There will be in the case of an entirely new client, or a client that
missed the grace period completely.
(But I should have specified "first non-reclaim OPEN" in the 4.1 case,
not just "first OPEN".)
--b.
>
>
>> - Active clients become inactive when they expire. (Or when
>> they are revoked--but the Linux server does not currently
>> support revocation.)
>> - On startup all clients are initially inactive.
>>
>> On startup the server needs access to the list of clients which are
>> permitted to reclaim state. That list is exactly the list of clients
>> that were active at the end of the most recent full server instance.
>>
>> To maintain such a list, we need records to be stored in stable
>> storage.
>> Whenever a client changes from inactive to active, or active to
>> inactive, stable storage must be updated, and until the update has
>> completed the server must do nothing that acknowledges the new state.
>> So:
>>
>> - When a new client becomes active, a record for that client
>> must be created in stable storage before responding to the rpc
>> in question (OPEN, OPEN_CONFIRM, or RECLAIM_COMPLETE).

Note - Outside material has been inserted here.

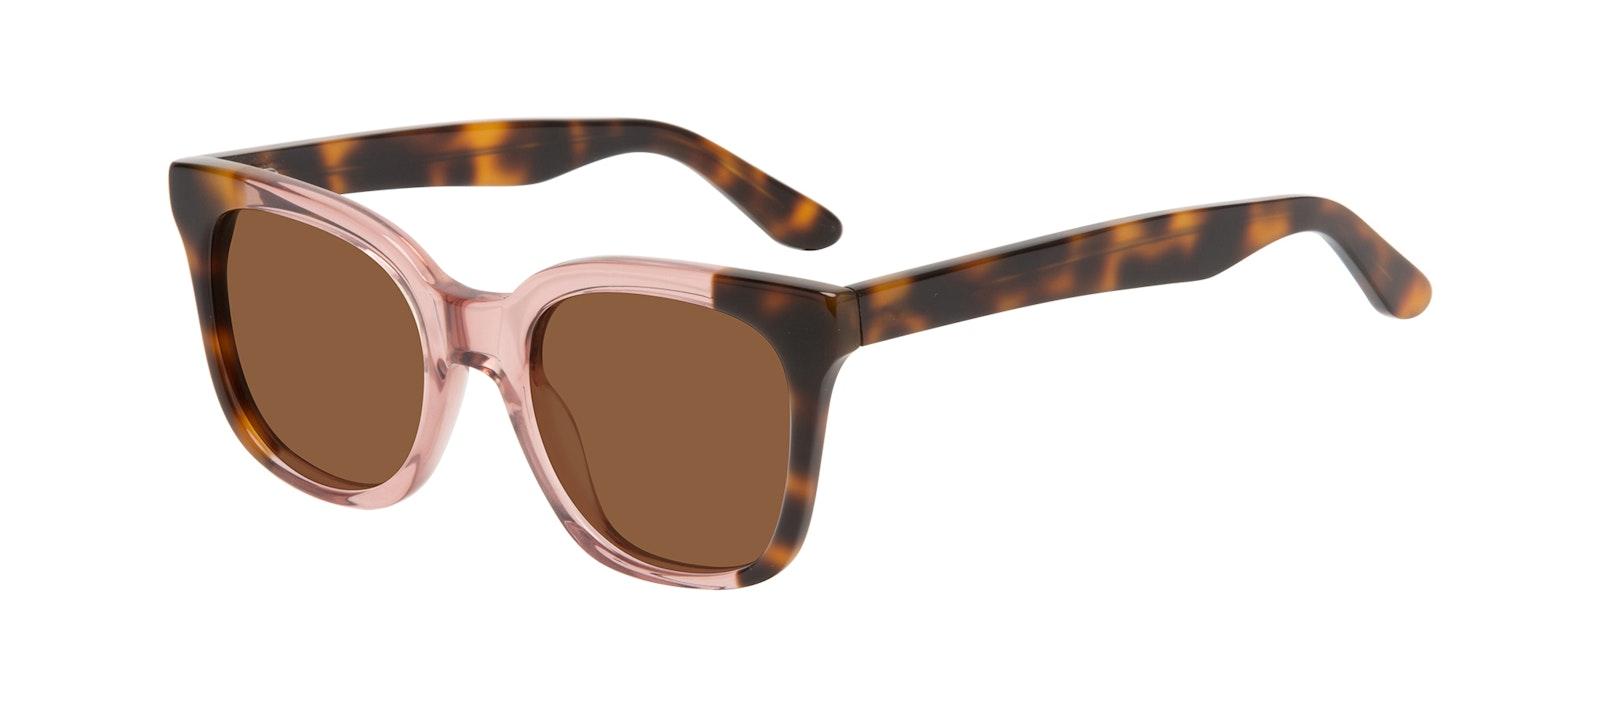 Affordable Fashion Glasses Square Sunglasses Women Mighty Rose Tort Tilt
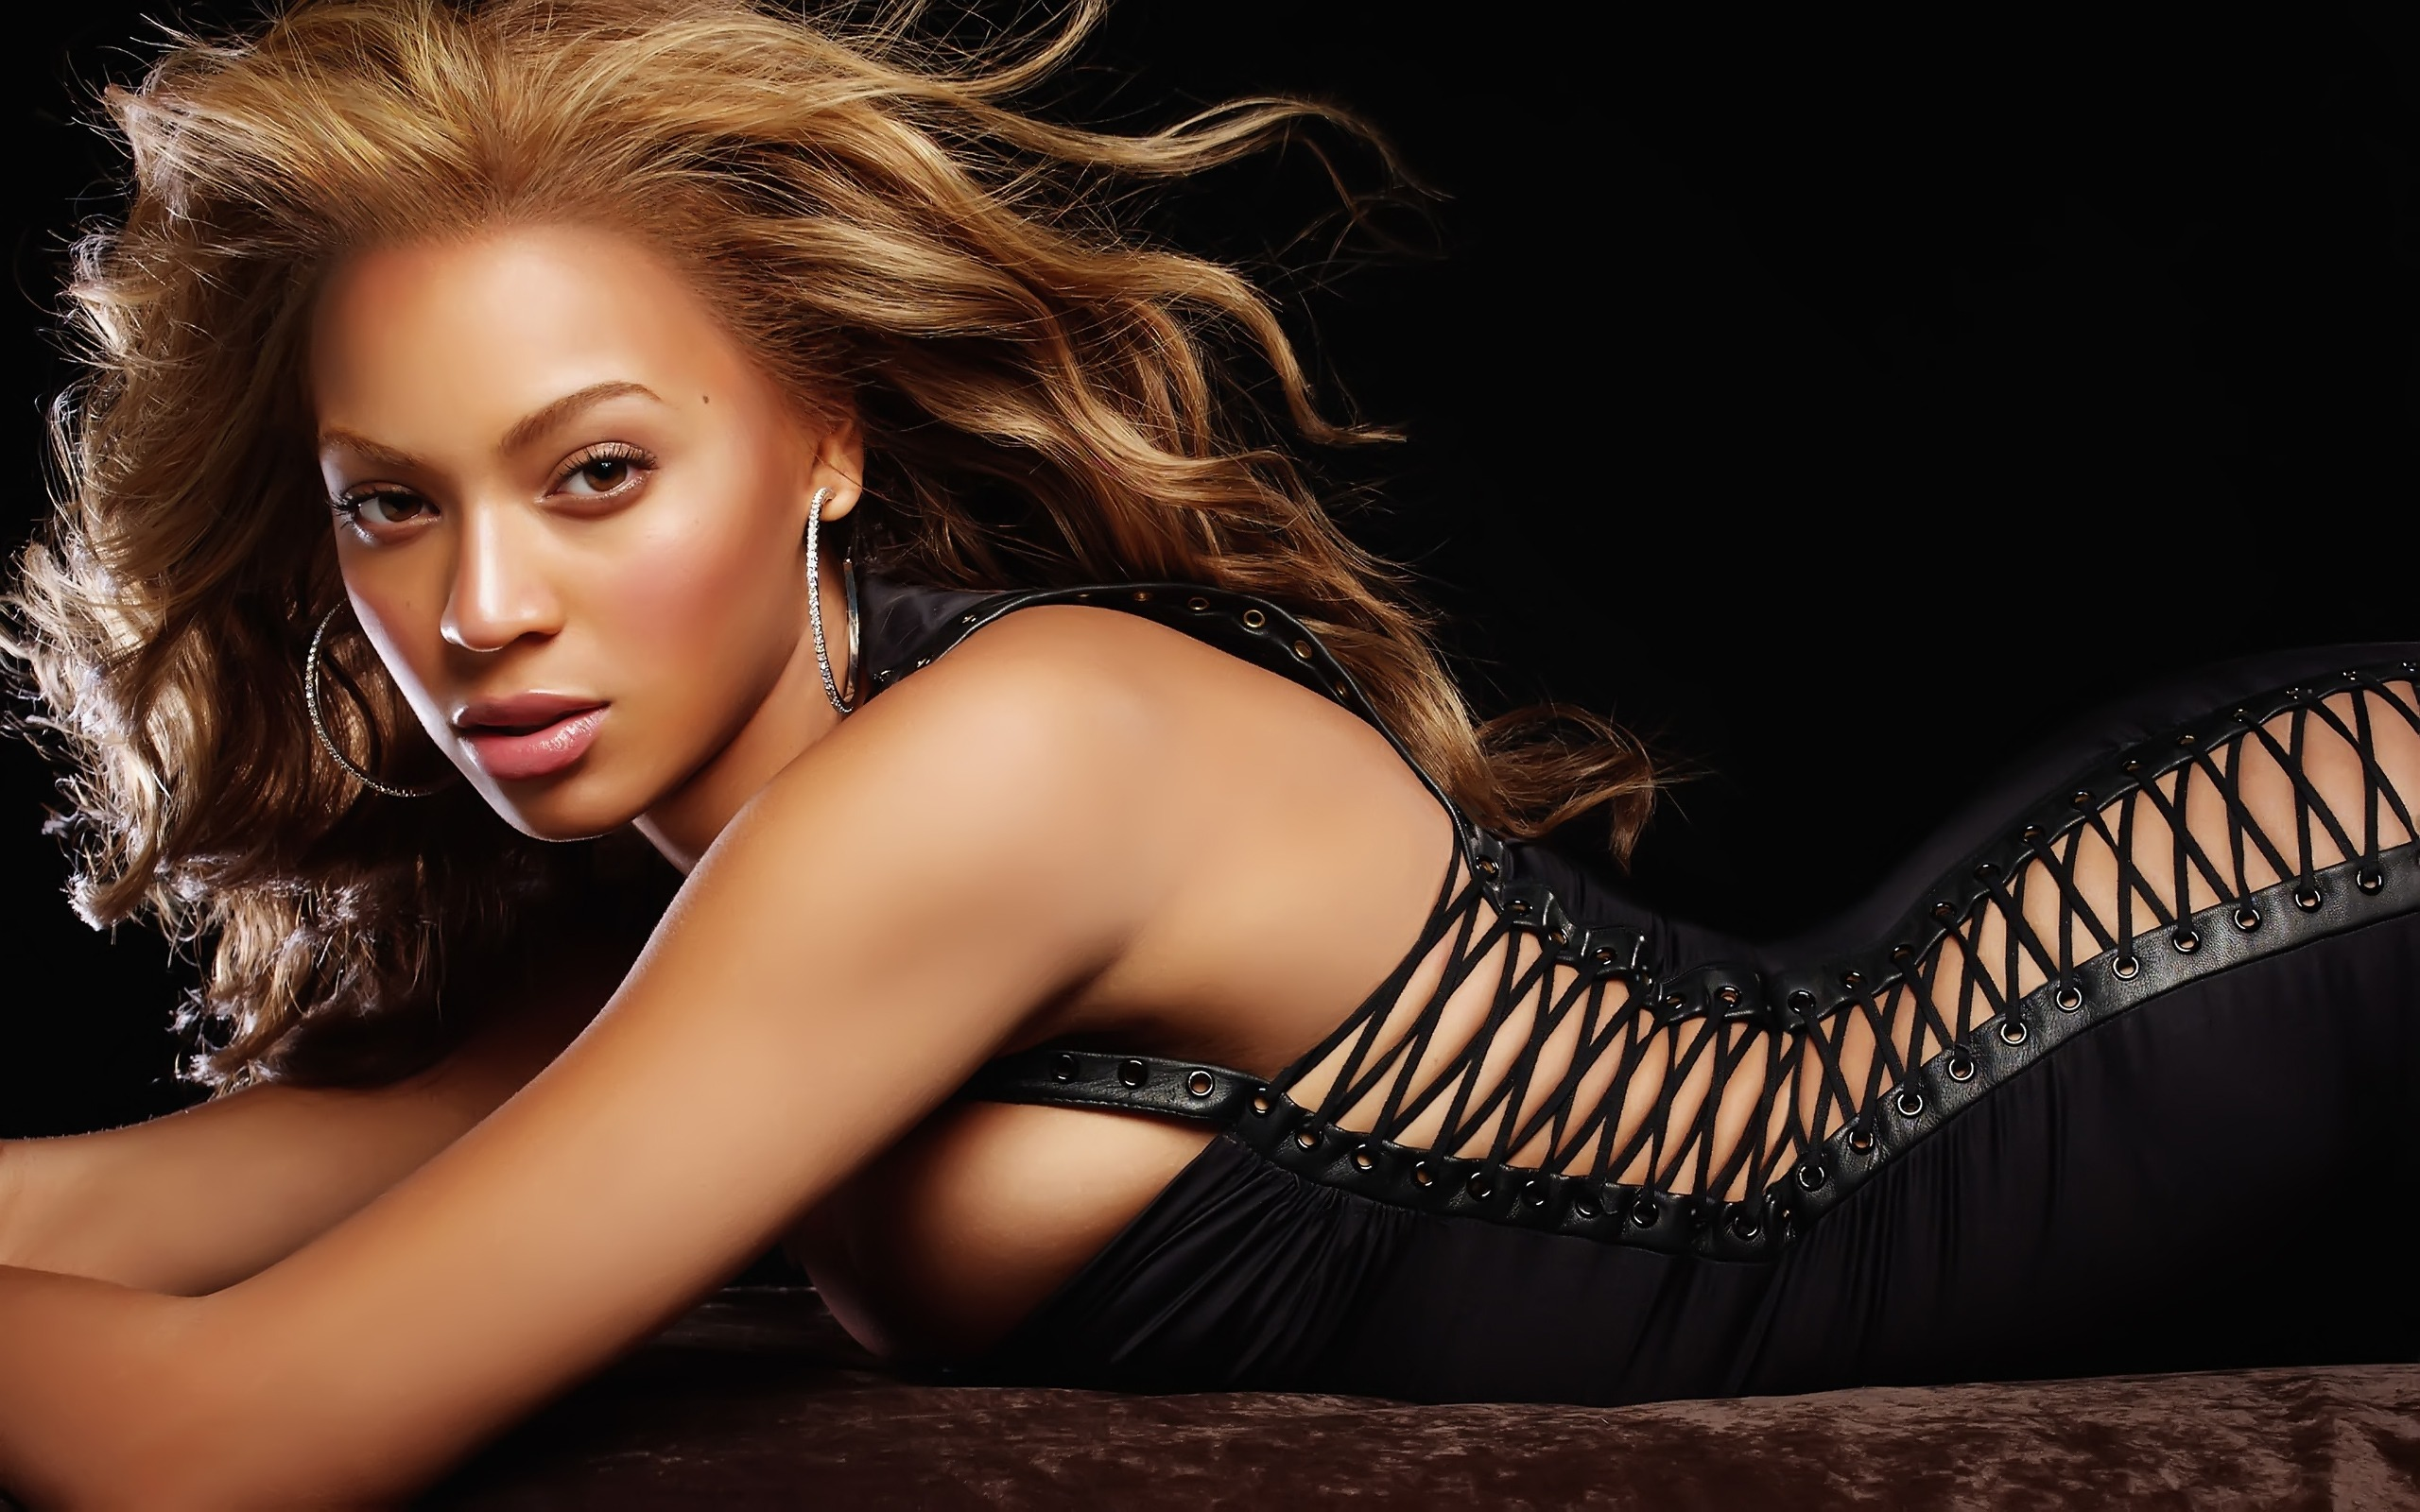 Beyonce Knowles HD Wallpaper

>> - When a client expires, the record must be removed (or
>> otherwise marked expired) before responding to any requests
>> for locks or other state which would conflict with state held
>> by the expiring client.
>>
>> Updates must be made by upcalls to userspace; the kernel will not be
>> directly involved in managing stable storage. The upcall interface
>> should be extensible.
>>
>> The records must include the client owner name, to allow identifying
>> clients on restart. The protocol allows client owner names to consist
>> of up to 1024 bytes of binary data. (This is the client-supplied
>> long form, not the server-generated shorthand clientid; co_ownerid for
>> 4.1).
>>
>> Also desireable, but not absolutely required in the first
>> implementation:
>>
>> - We should not take the state lock while waiting for records to
>> be stored. (Doing so blocks all other stateful operations
>> while we wait for disk.)
>> - The server should be able to end the grace period early when
>> the list of clients allowed to reclaim is empty, or when they
>> are all 4.1 clients, after all have sent RECLAIM_COMPLETE.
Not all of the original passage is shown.